宋宣安慰:“别慌。”
乔小船擦了把眼泪,期待地看着她。
宋宣稳重道:“若是死了,慌乱无法帮你报仇。若是没死,慌乱无法帮你寻找线索。所以,好好冷静下来,仔细思考现在的状况。”
乔小船思索半晌,眼里露出野狼般的戾色:“姐姐说得是,我不能慌,若爷爷出事,我要让凶手偿命!”
宋宣玩着短刀,冷然道:“他用毒针刺伤长卿,险些夺命,是没把我放在眼里,就算没有你爷爷的事,我也饶不了这头狗贼!定要他挖出心肝来向长卿赔罪!”
屠长卿十分感动,客气道:“我不需要赔罪,你们挖个坑埋了就好。”
三人达成复仇共识。
麻痹针的效果来得快,去得也快。屠长卿让乔小船拿些绿豆和芃草果煮水喝了两碗,解去残毒,身体的酸痛经过一天多的卧床休息,也好了不少,勉强能动。
他说:“你爷爷失踪的时候,院子里没有打斗,没有呼救,也没有动静。房门大开,里面的东西没有被翻乱的痕迹。”

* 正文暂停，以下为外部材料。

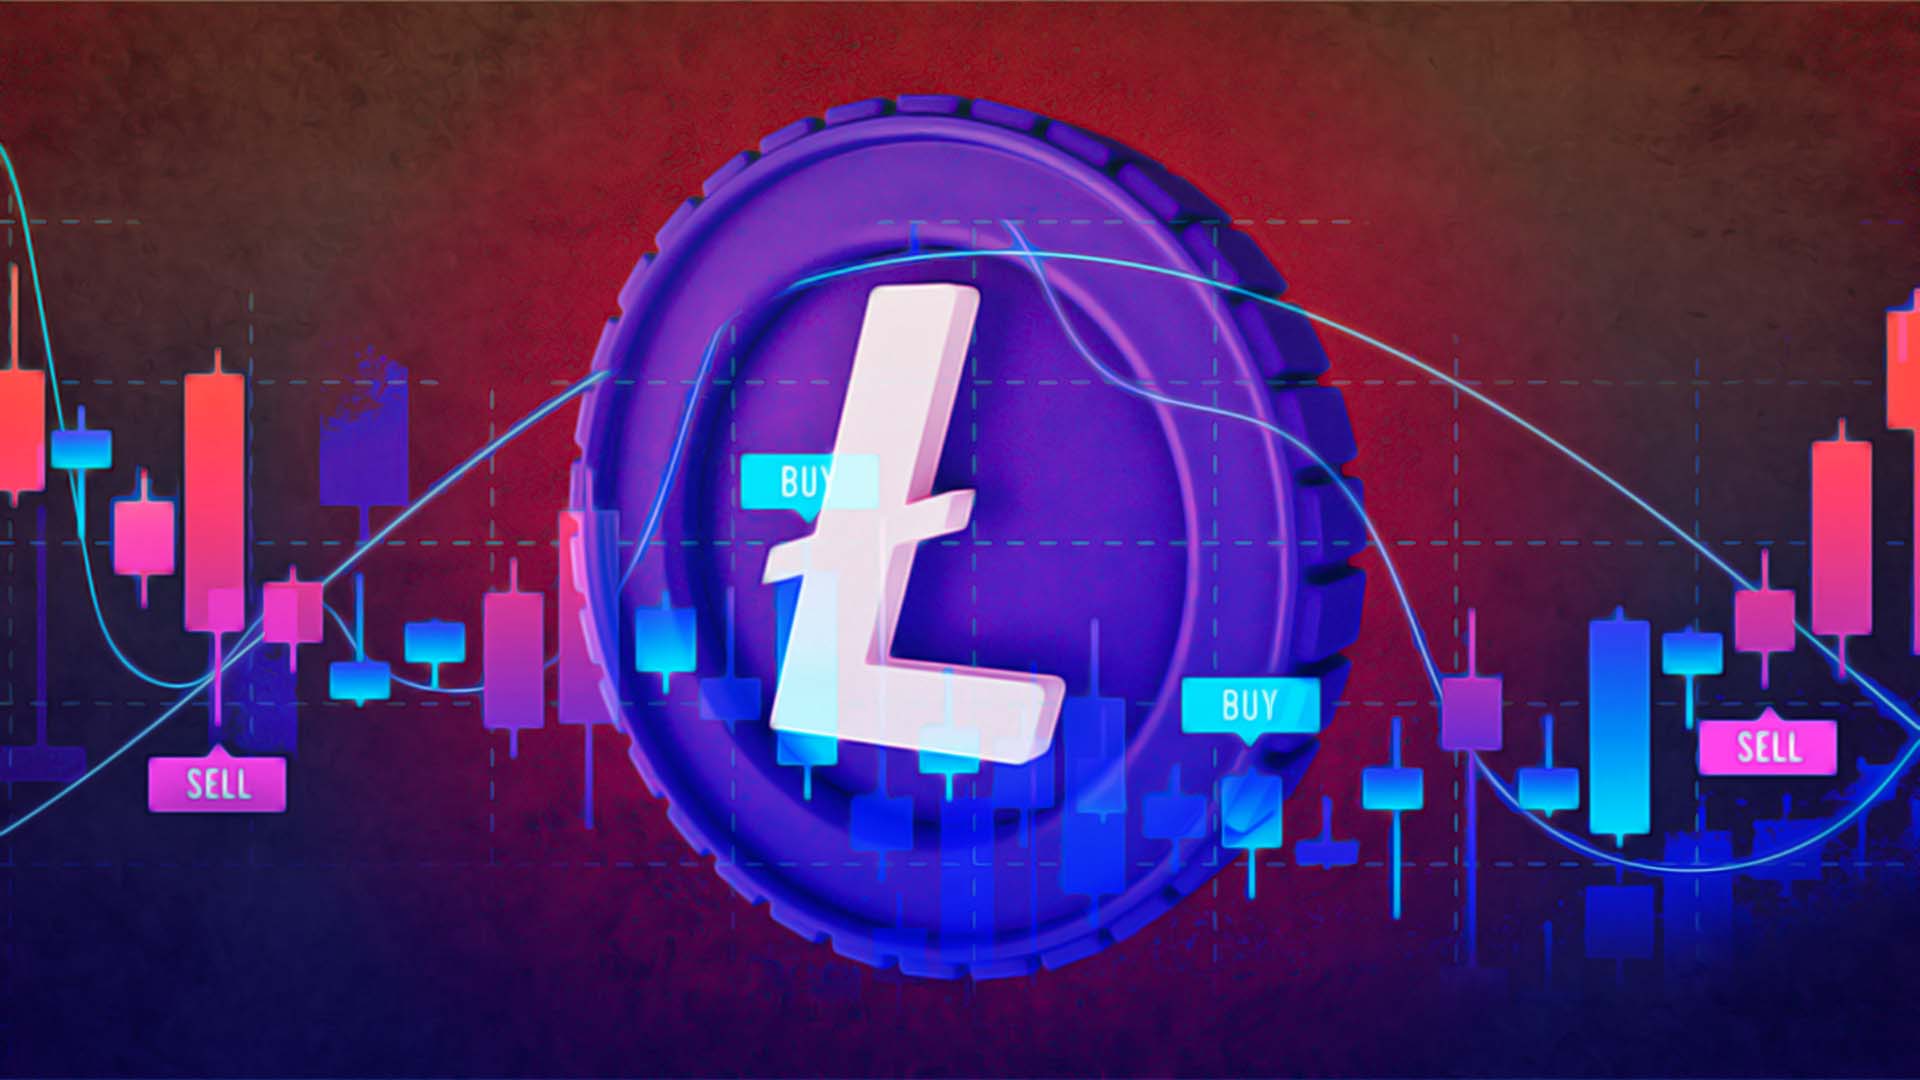 Litecoin Price Prediction 2023: LTC Crypto to Rally in 2023 – Analysts

乔小船反驳:“你怎么知道?我爷爷的房间可乱了,到处堆满东西,我都不确定……”
屠长卿指了指自己的眼睛,坚定道:“我有过目不忘的能力,昨天我看过一眼你爷爷房间,今天我在遇害前也看了一眼你爷爷的房间,屋里景色对比,没有大的变化,只是桌上竹笔插回笔筒,书本的位置稍有变化,碗里的鱼羹吃完,垃圾堆里多了三张废弃的纸张,都是正常的工作需求。”
乔小船点头:“鱼羹是我中午送的。”
屠长卿分析:“风灾降临是难以预测的事件,警示号角响起时,城外大量人员涌进城里,街道开始混乱,处处都是人,打乱凶手的计划,让他不敢久留。”
宋宣问:“你爷爷有仇家吗?”
乔小船急叫:“我爷爷几乎不出门,哪里会结仇?只有句老头……句老头想要我家的院子!天天盼着爷爷死,可,可是……”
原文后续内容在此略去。